Processor - Art. 28 GDPR

Typical processors are companies that process personal data on our behalf:

• Service providers to whom we transfer personal data for processing (e.g. marketing companies)
  
• Service providers to whom we give access to internal data (e.g. technical service companies)
• Providers of online software solutions (e.g. office software)
• Providers of digital services (e.g. web host through which our emails are sent)

Order processing is when a service provider acts on our behalf and is bound by our instructions. In this case, the external service provider only provides support and is, so to speak, our "extended arm". Under no circumstances may they use the data provided to them for their own purposes.

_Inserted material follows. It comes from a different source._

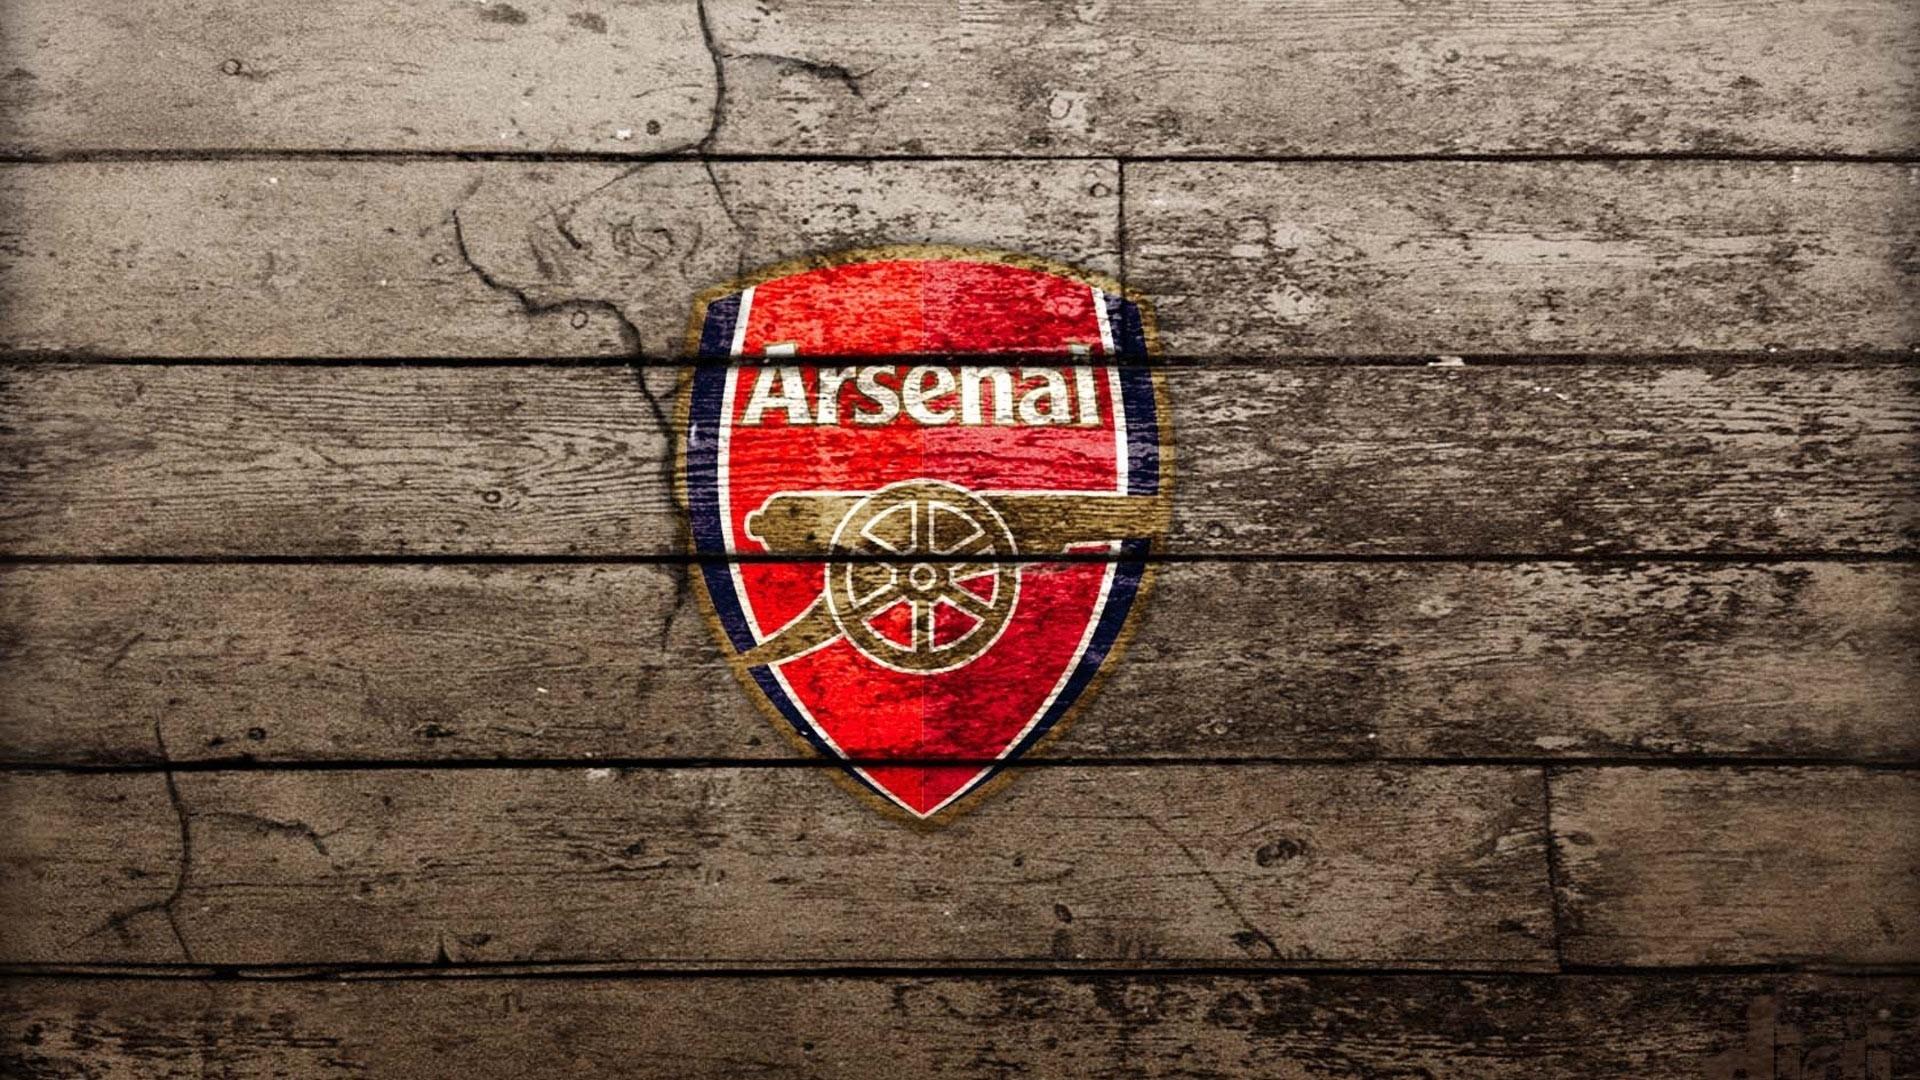 Arsenal Background Wallpaper

Source: Mohamed Hassan on Pixabay

Examples

• An advertising agency is commissioned to organise an event. As long as the advertising agency is only responsible for designing the documents and concept, it is not a processor within the meaning of the GDPR. However, if it sends out invitations on our behalf, with a list of our customer contacts or collects visitor data at the event, this constitutes commissioned data processing within the meaning of the GDPR. 
  
• An external IT service provider takes over our IT support. They set up computers and, if necessary, connect to the company's systems via remote maintenance. This may give them access to the company's internal data and therefore to the personal data of employees or customers.
• Every provider of online solutions that we use counts as a processor, as we store personal data in the systems as part of their use - even if it is only our business email address.
• Our hosting provider, on whose server our website runs, is also a classic processor. Even if we do not offer any registration options or personalised logins. This is because the IP addresses of website visitors also count as personal data. The hosting provider is therefore a processor in any case. 

However, there is no order processing for postal services for the transport of letters or parcels, for example. Lawyers or tax consultants are also exempt from this regulation, as they are not authorised to act on instructions as holders of professional secrets. It is therefore always necessary to check whether a service provider is acting as a processor or on its own responsibility. 

What does that mean? 

As soon as we use a processor, we must ensure that the processor also complies with data protection regulations and implements appropriate technical and organisational measures to ensure data protection. This is usually regulated by a so-called order processing contract (AV contract). Art. 28 GDPR specifies the minimum requirements for the content of such a contract. 

According to Art. 28 para. 3 GDPR, the following points, among others, must be regulated in the contract:

• Subject, duration, nature and purpose of the processing
  
• Type of personal data and data subjects
• Information on the confidentiality obligations of the persons authorised to process the data
• Information on the technical and organisational measures implemented
• Regulations regarding the use of subcontractors
• Regulations on support for enquiries and claims by data subjects
• Regulations regarding the return or deletion of personal data
• Regulations regarding the controller's rights of control over the processor
• Information on the obligation of the processor to inform the controller of data protection violations

Many service providers (especially in the online sector) offer ready-made DP contracts that can be downloaded and signed directly from the website. The contract is then sent to the processor for signature.